What you return should be the full listing, copied exactly and stripped of its pictures.

▸ DATA PROVIDED
***

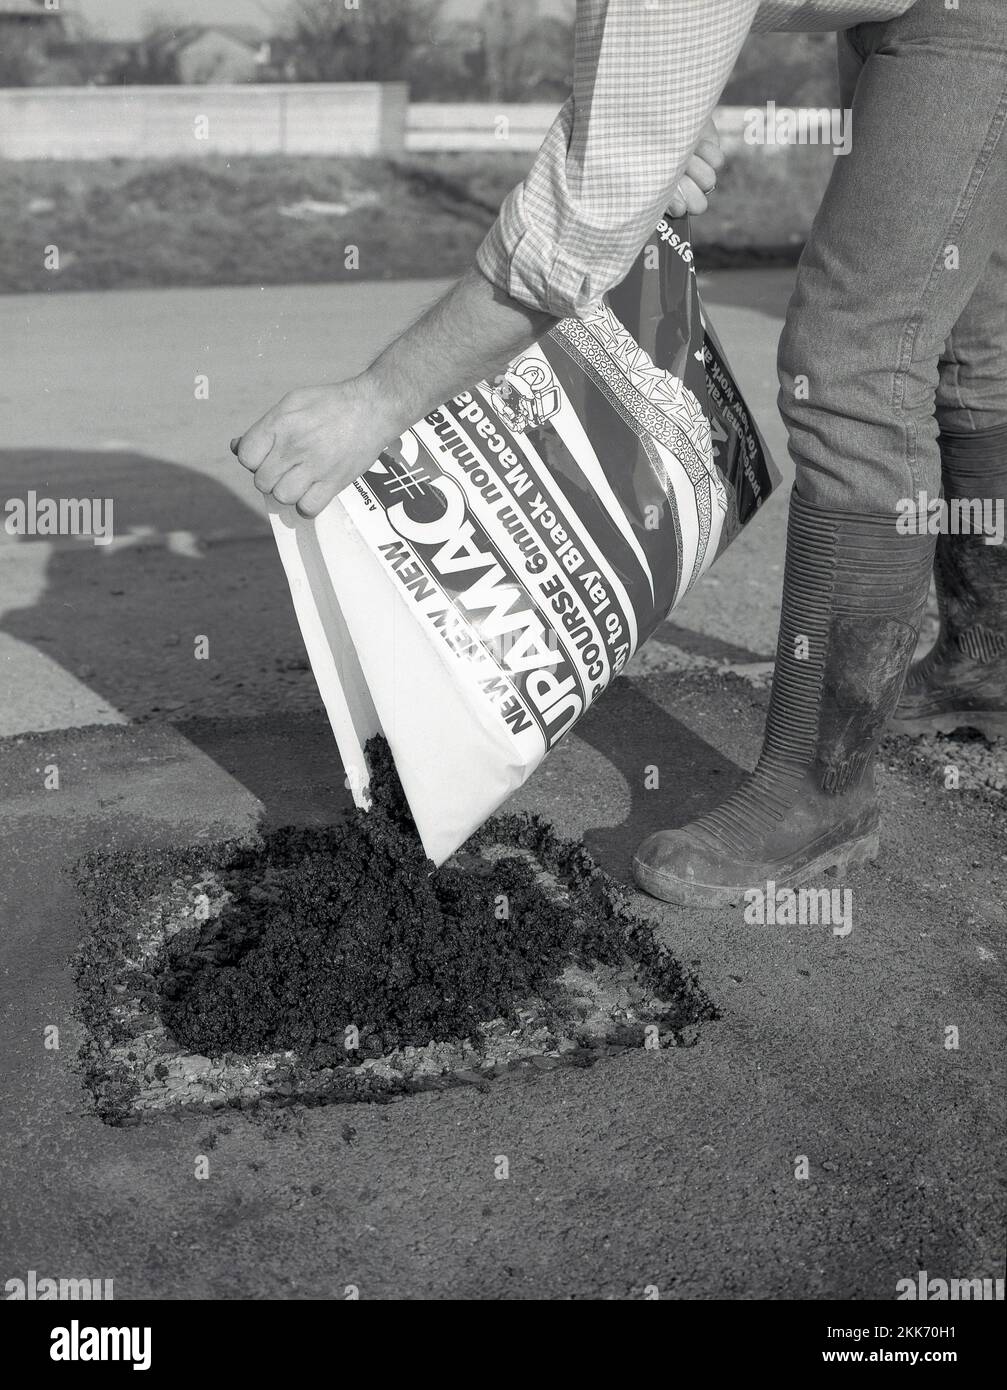 1980s, rifacing, un uomo che utilizza un sacchetto di un nuovo prodotto da costruzione per riparare o riparare un vialetto, un preparato-mix o pronto per posare tarmacadam nero o asfalto, noto come un catrame a freddo, Inghilterra, Regno Unito. Foto Stock
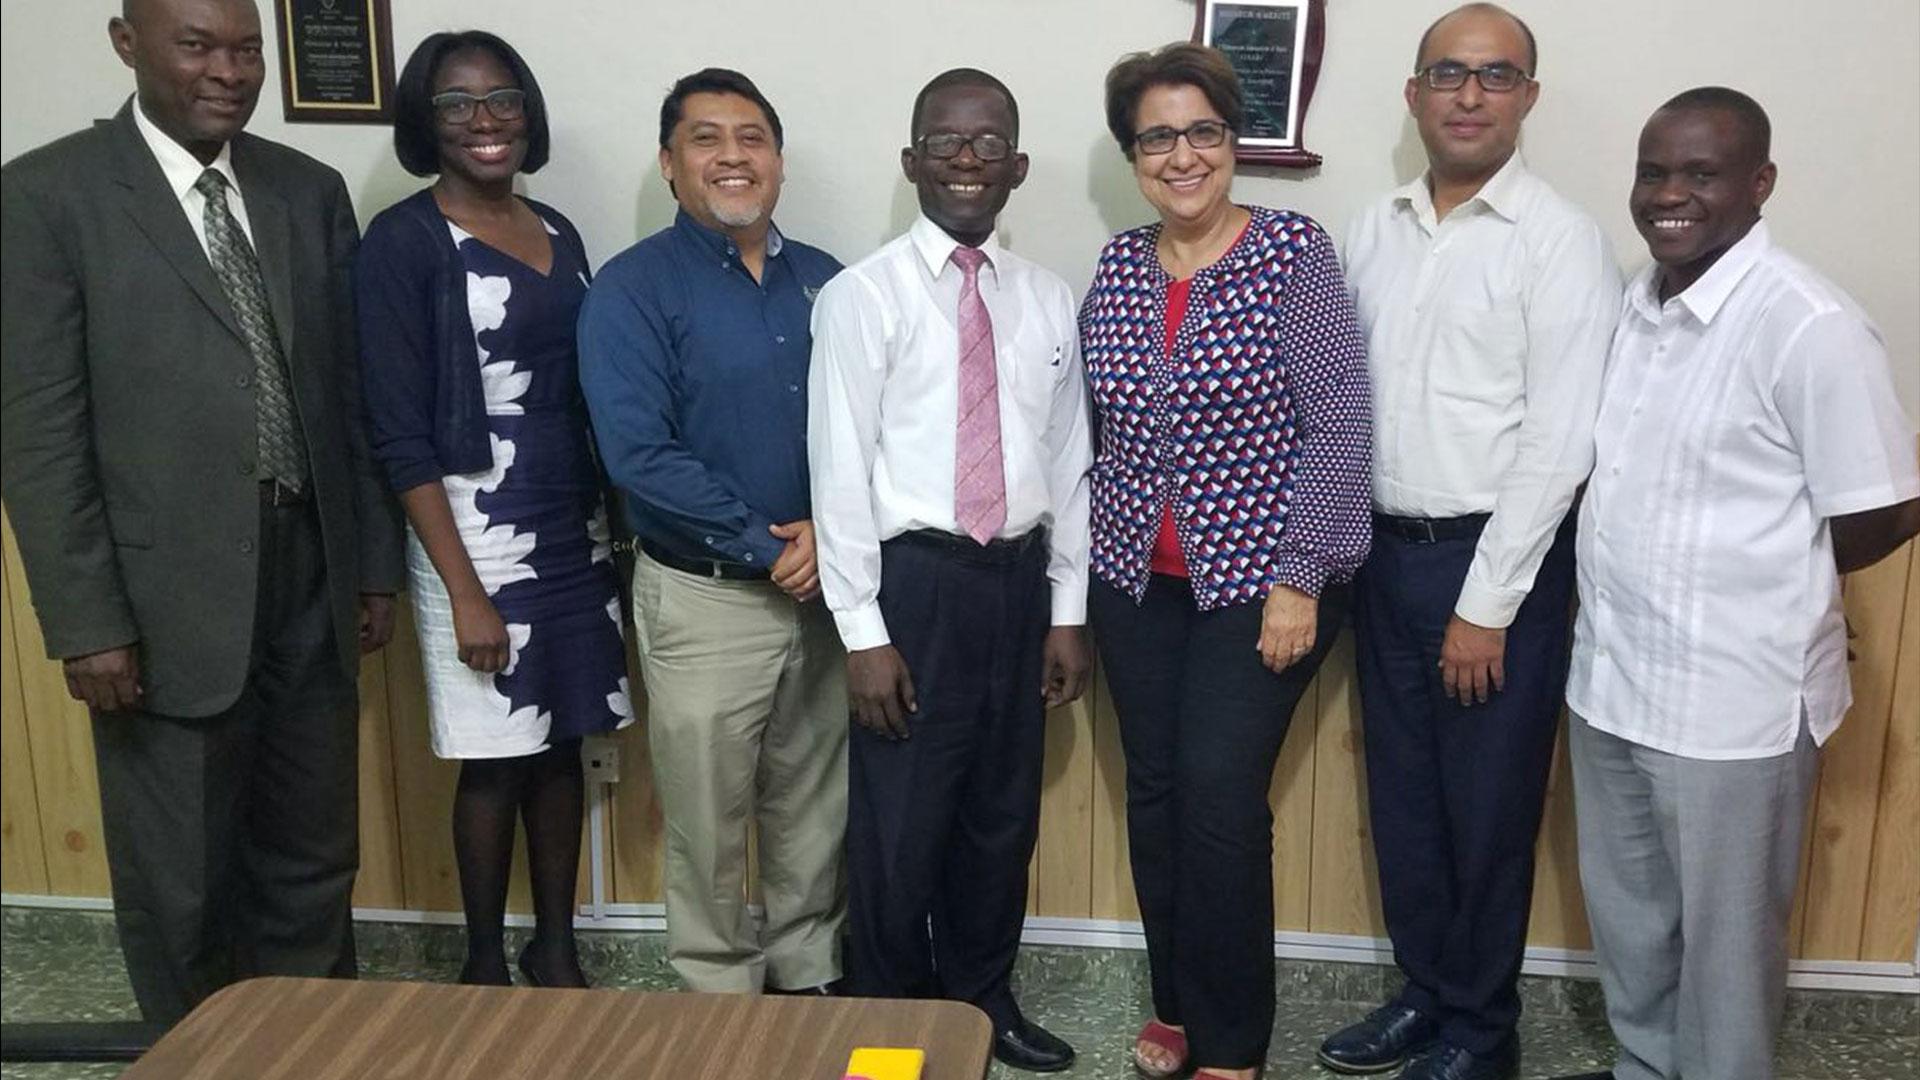 Como Universidad Promotora de la Salud se expanden acciones sociales relacionadas a la salud hacia Haití
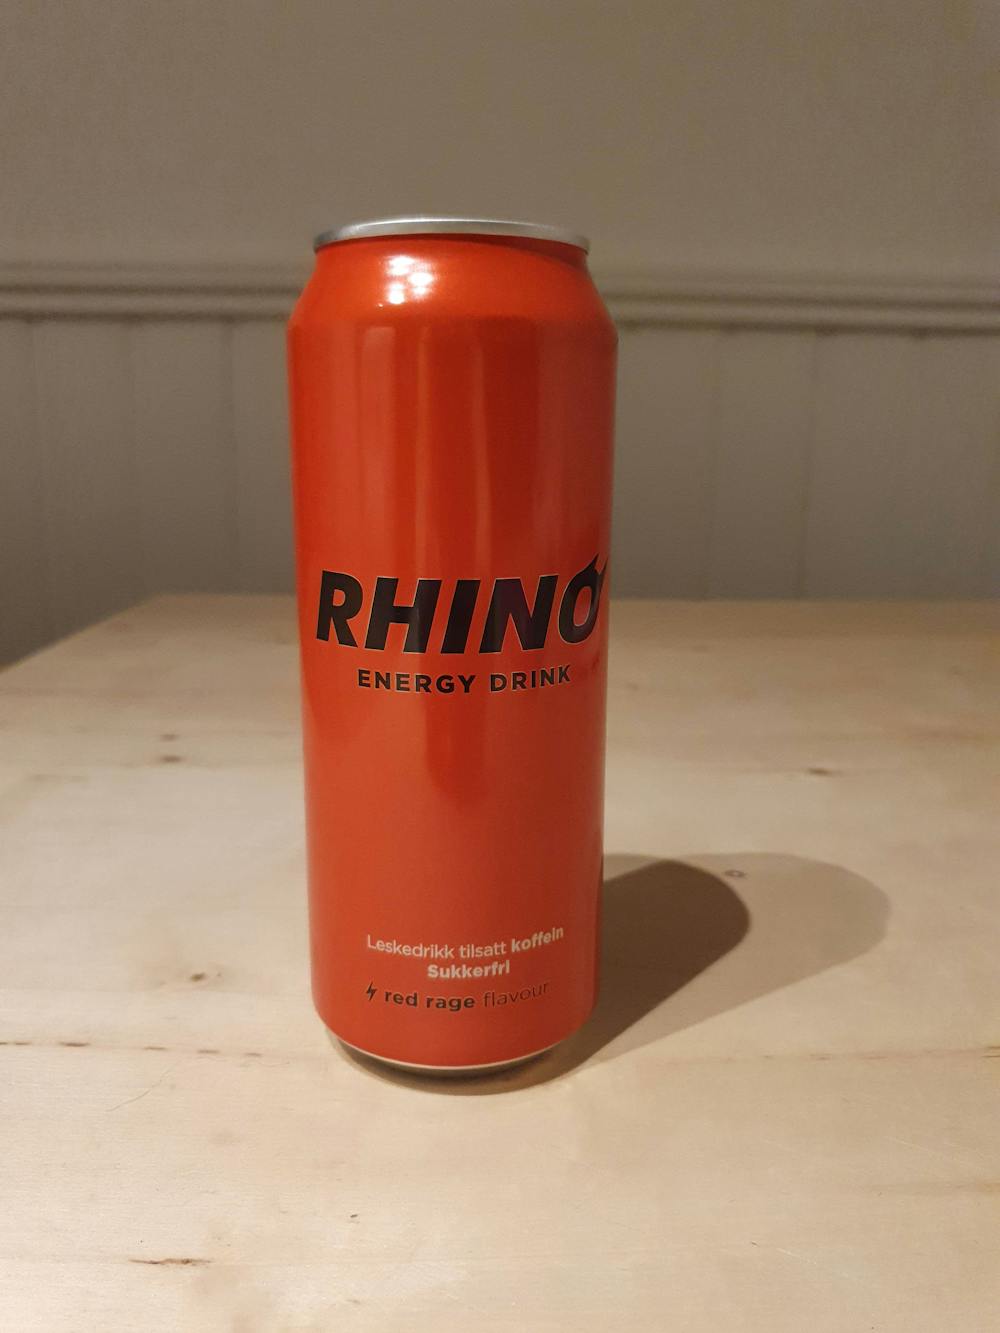 Rhino Energy Drink, Rhino
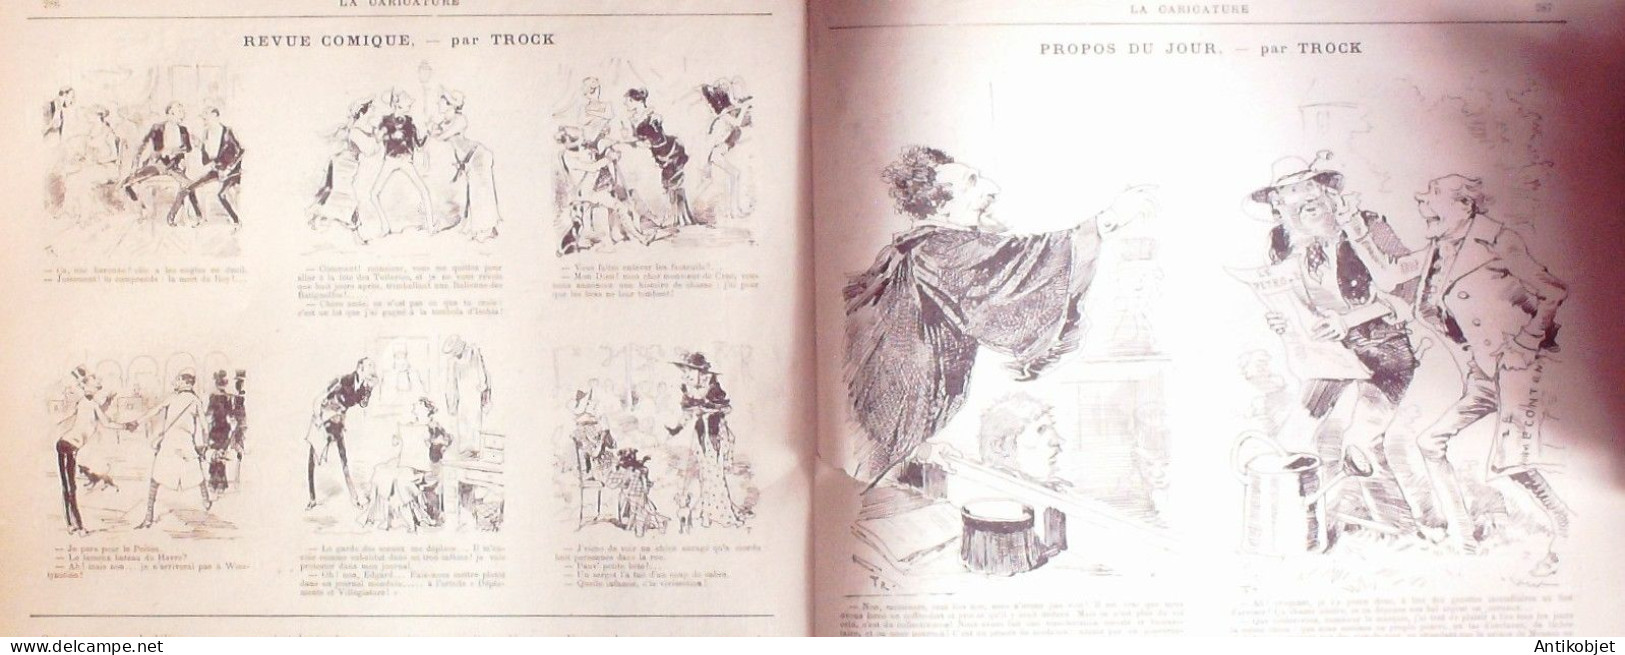 La Caricature 1883 N°193 Potinville-sur-Mer Robida Commerce WogTtrock - Revues Anciennes - Avant 1900

***

▸ WRITTEN REPLY
 1980s, rifacing, un uomo che utilizza un sacchetto di un nuovo prodotto da costruzione per riparare o riparare un vialetto, un preparato-mix o pronto per posare tarmacadam nero o asfalto, noto come un catrame a freddo, Inghilterra, Regno Unito. Foto Stock
 Como Universidad Promotora de la Salud se expanden acciones sociales relacionadas a la salud hacia Haití
 Rhino Energy Drink, Rhino
 La Caricature 1883 N°193 Potinville-sur-Mer Robida Commerce WogTtrock - Revues Anciennes - Avant 1900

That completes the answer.